The crypto industry has a major problem with how trading volumes are reported to data aggregators like CoinMarketCap.com. Much of the volume is overstated for a variety of reasons, and complaints of “fake volume” permeate the industry. Numerous studies have been conducted that document the “fake” level and disclose the reasons for such misrepresentations, but the core of the issue is the published rankings of exchanges, which today are based on, you got it, trading volume reported. Researchers are now pondering other methods for producing these rankings going forward.
During 2018, the Blockchain Transparency Institute developed new tracking algorithms to detect via analytical means where over reporting was taking place in the crypto exchange network. Their results were shocking. Per one report:
Over 80% Of The Top 25 BTC Pairs On Coinmarketcap Is Wash Traded…
The report also revealed that:
Most of these pairs have an actual volume of less than 1% of the volume reported on Coinmarketcap. Of the top 25 BTC pairs crypto exchanges, only 2 were discovered not to be wash trading their volume: Binance and Bitfinex.
The next part of the puzzle came when Bitwise, an asset management and research firm, prepared a special report for the benefit of the SEC, regarding Bitcoin volume. The company confirmed that 95% of Bitcoin trading volume is fake. CoinMarketCap.com, the most quoted data aggregator in the crypto system, “has posted daily trading volume for Bitcoin of nearly $6 billion per day, but the actual figure, based on several reliable analytical methods, is more likely to be $273 million per day, concentrated within the top ten exchanges”.
Why the fake volume and what can be done about it? The reasons vary, i.e., wash trading, promoted “bot” trading, and other gamesmanship that has been prohibited on traditional regulated equity exchanges. The driver is the competitive need of exchanges to draw new customers and extort high listing fees from ICO tokens seeking to be listed on an active exchange. The thinking by researchers is that a change in the ranking rubric could put an end to deliberate attempts to over state volume statistics.

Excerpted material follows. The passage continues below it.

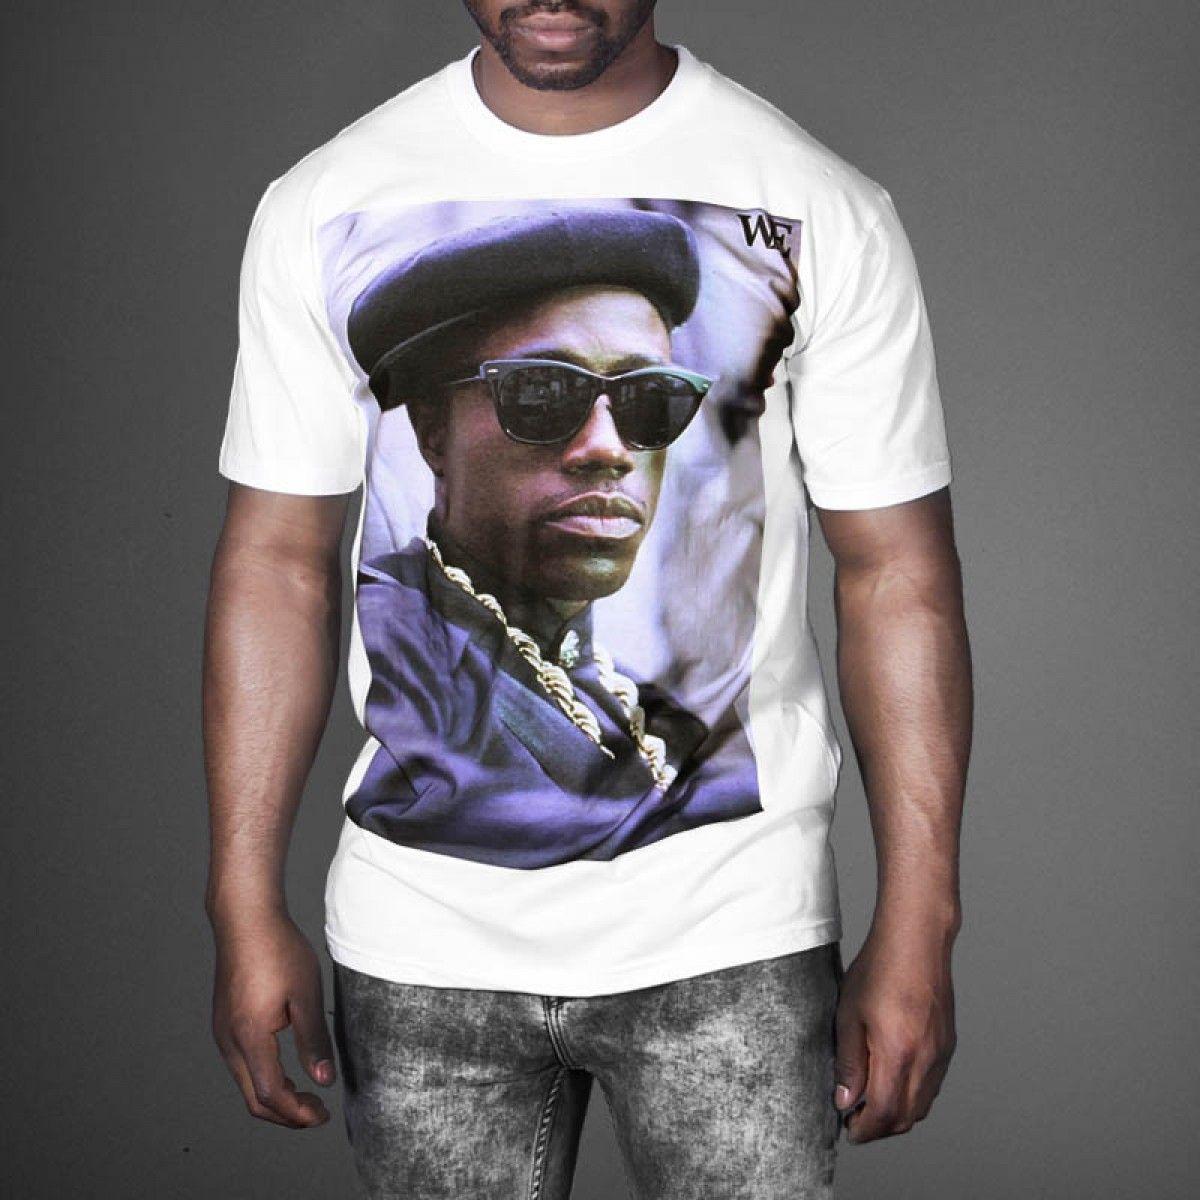 New Jack City T shirt; Wesley Snipes Nino Brown New Jack City Tee shirt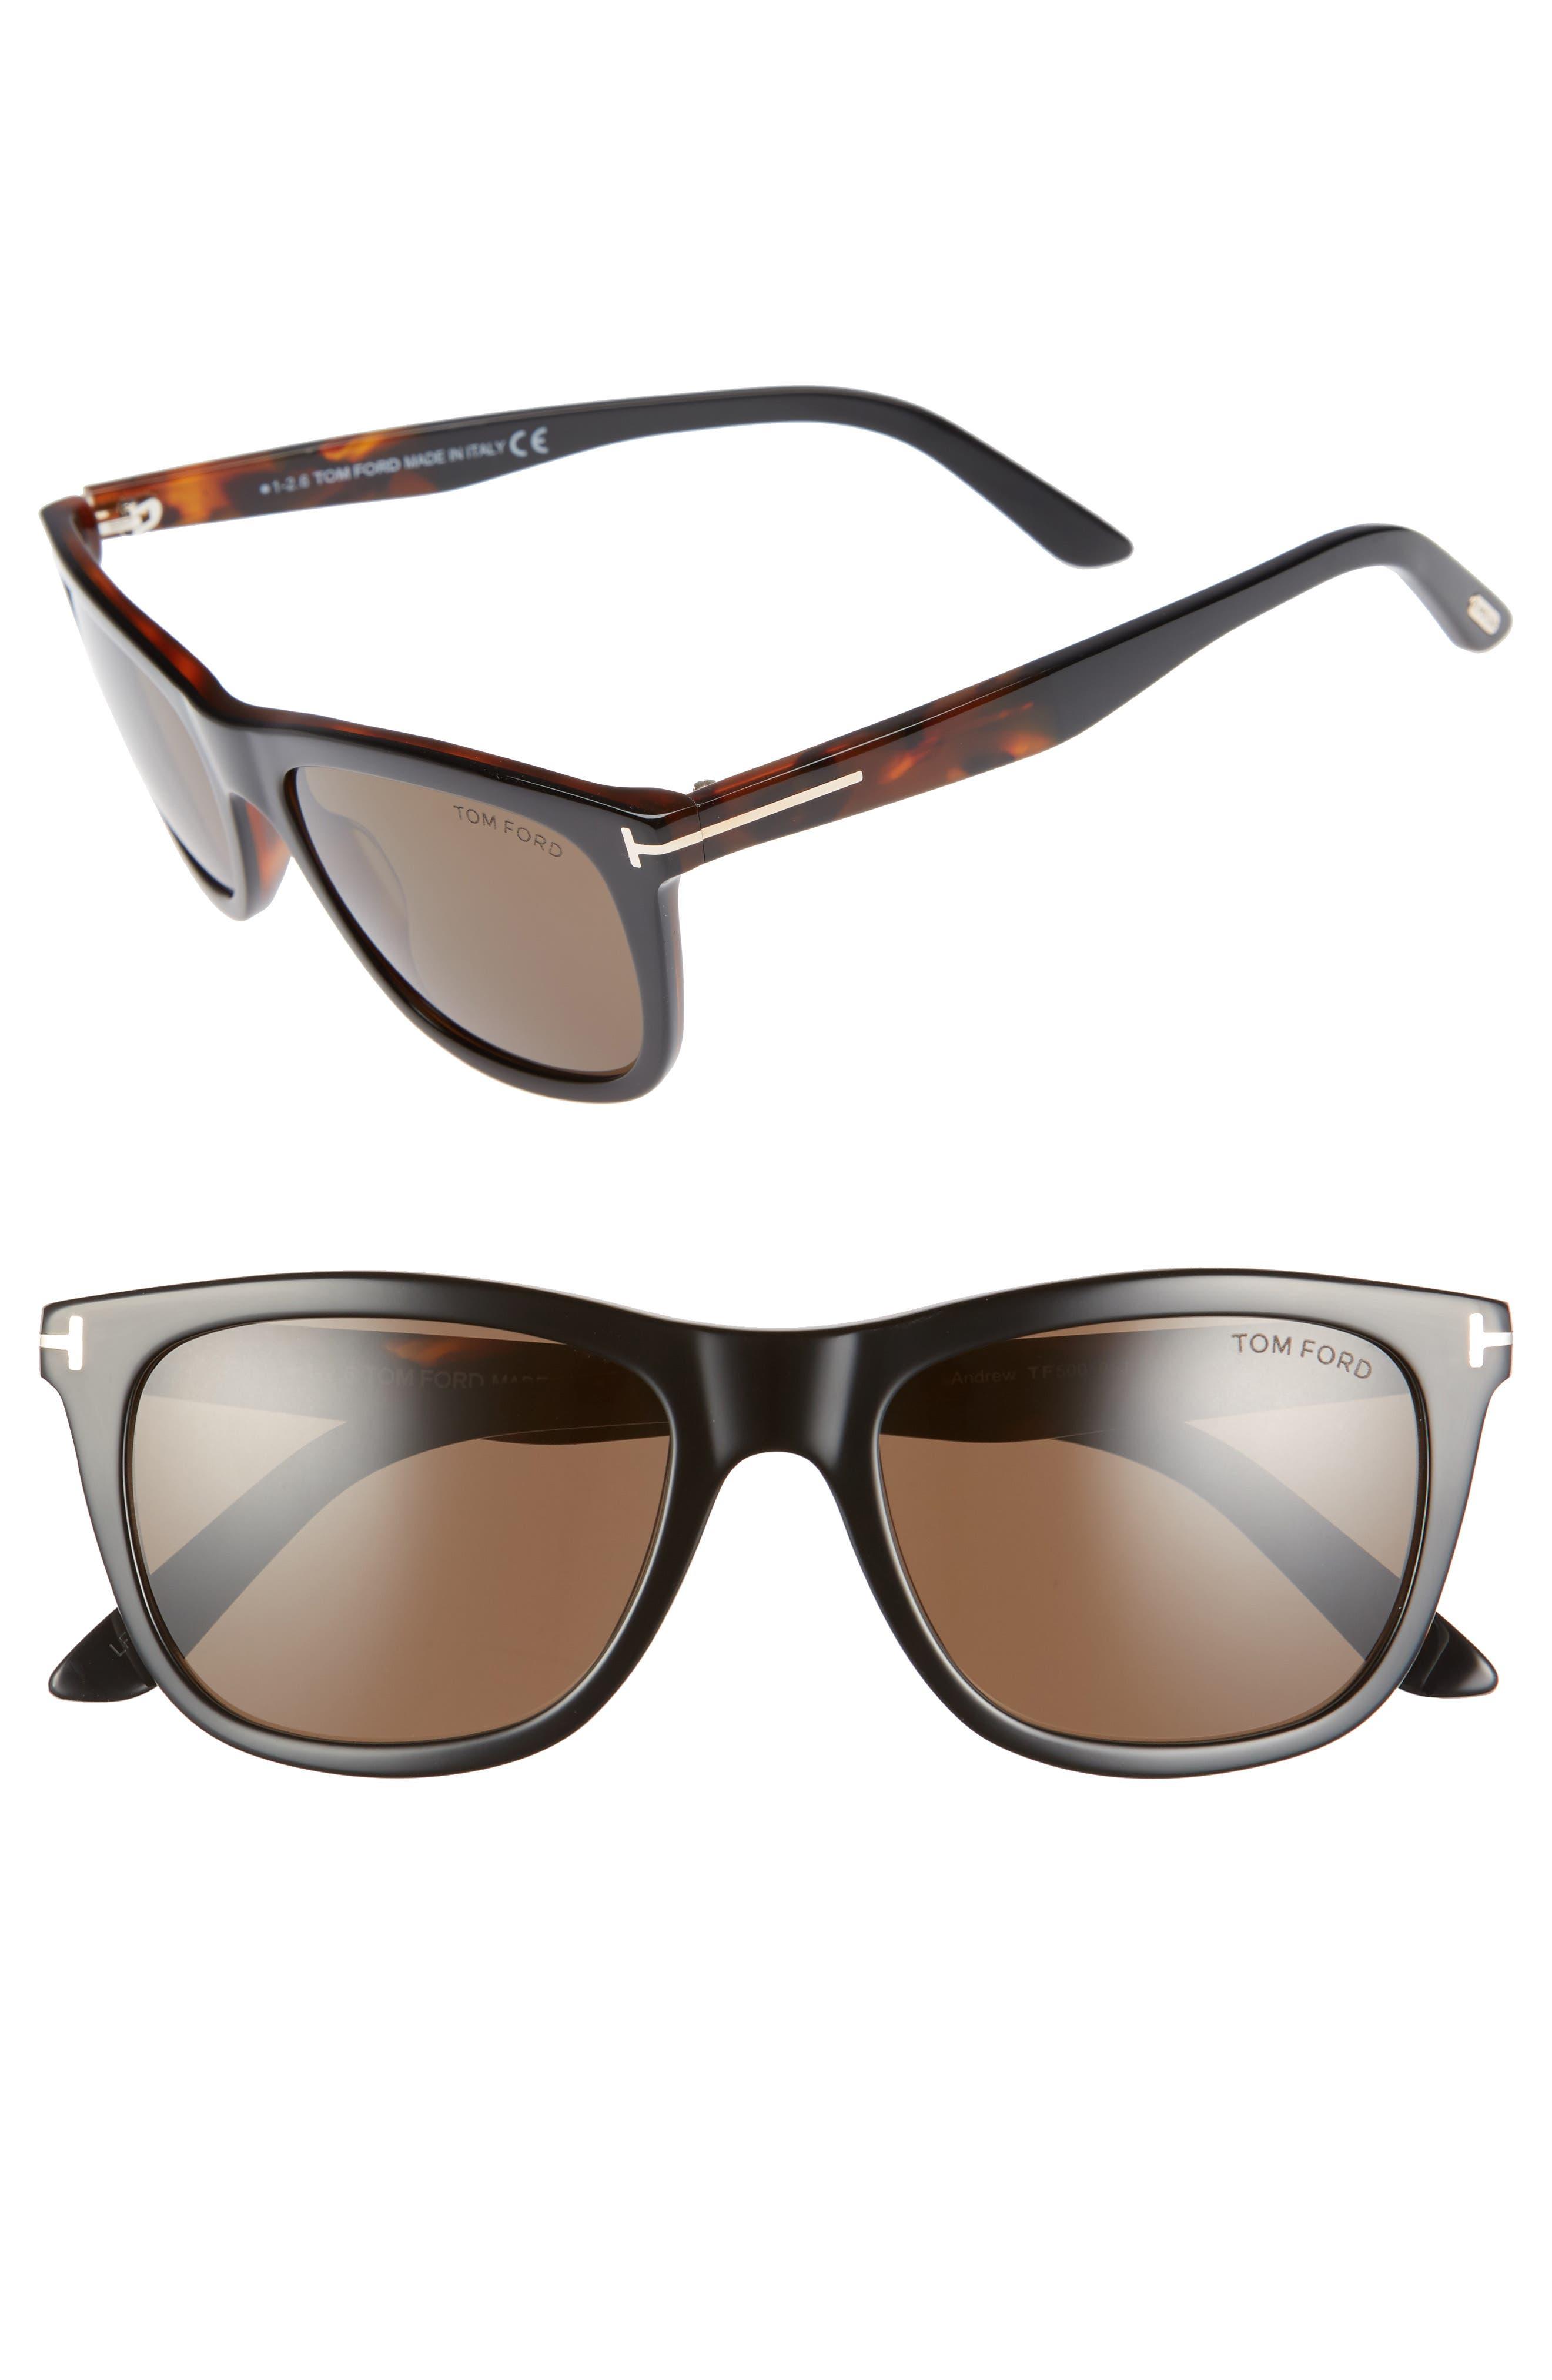 Andrew 54mm Polarized Sunglasses,                             Main thumbnail 1, color,                             BLACK/ HAVANA

There is another development that could force the change, as well – the issuance of exchange tokens from an “Initial Exchange Offering”, where rewards are granted in the form of tokens for trading. Per one researcher:
Ranking exchanges purely by volume – reported or otherwise – may soon be a fallacy in and of itself, as the trend of “initial exchange offerings” gives rise to more “transaction mining.” Transaction mining is where users earn tokens for making trades; this may increase the volume but does it mean the exchange is more significant?
ViewBase, a “market insights and community” platform centered around cryptocurrency, recently released a whitepaper that discusses possible ranking alternatives to basic trading volume stats: “Rankings could be based on real facts, like how much crypto they hold or the value of all their tokens combined.”
The firm listed three possible alternatives. The first one follows from the above quote, i.e., use total value of all tokens at the exchange. The second method only looks at ether balances, but the last method expands that figure to include the value of all ERC-20 tokens. The term relates to all tokens that comply with the number “20” standard that deals with smart contracts on the Ethereum blockchain platform – “Ethereum Requests for Contract” or “ERC”.
Why would this technical drill down offer reliable data? Per ViewBase: “A vast majority of Initial Coin Offering (ICO) tokens are issued on the Ethereum blockchain, ranging from established projects like Omisego to the latest IEO tokens like Fetch.AI and Celer. Hence it is reasonable to expect the valuation of ERC20 tokens deposited on an exchange to be reasonably proportional to its reported trading volumes.”
Either one of these methods would necessarily reshape the “Top Ten” rankings, as we know them today, but each method replaces volume with some measure of the actual crypto holdings of exchanges. The process of change has started. ViewBase concludes: “If we’ve learned anything from all the fake volume scandals over the past year, it’s that volume is not necessarily the best way to judge an exchange. While it’s an important metric, especially for traders who require a lot of liquidity, there is a lot more to exchanges than the number of times tokens change hands.”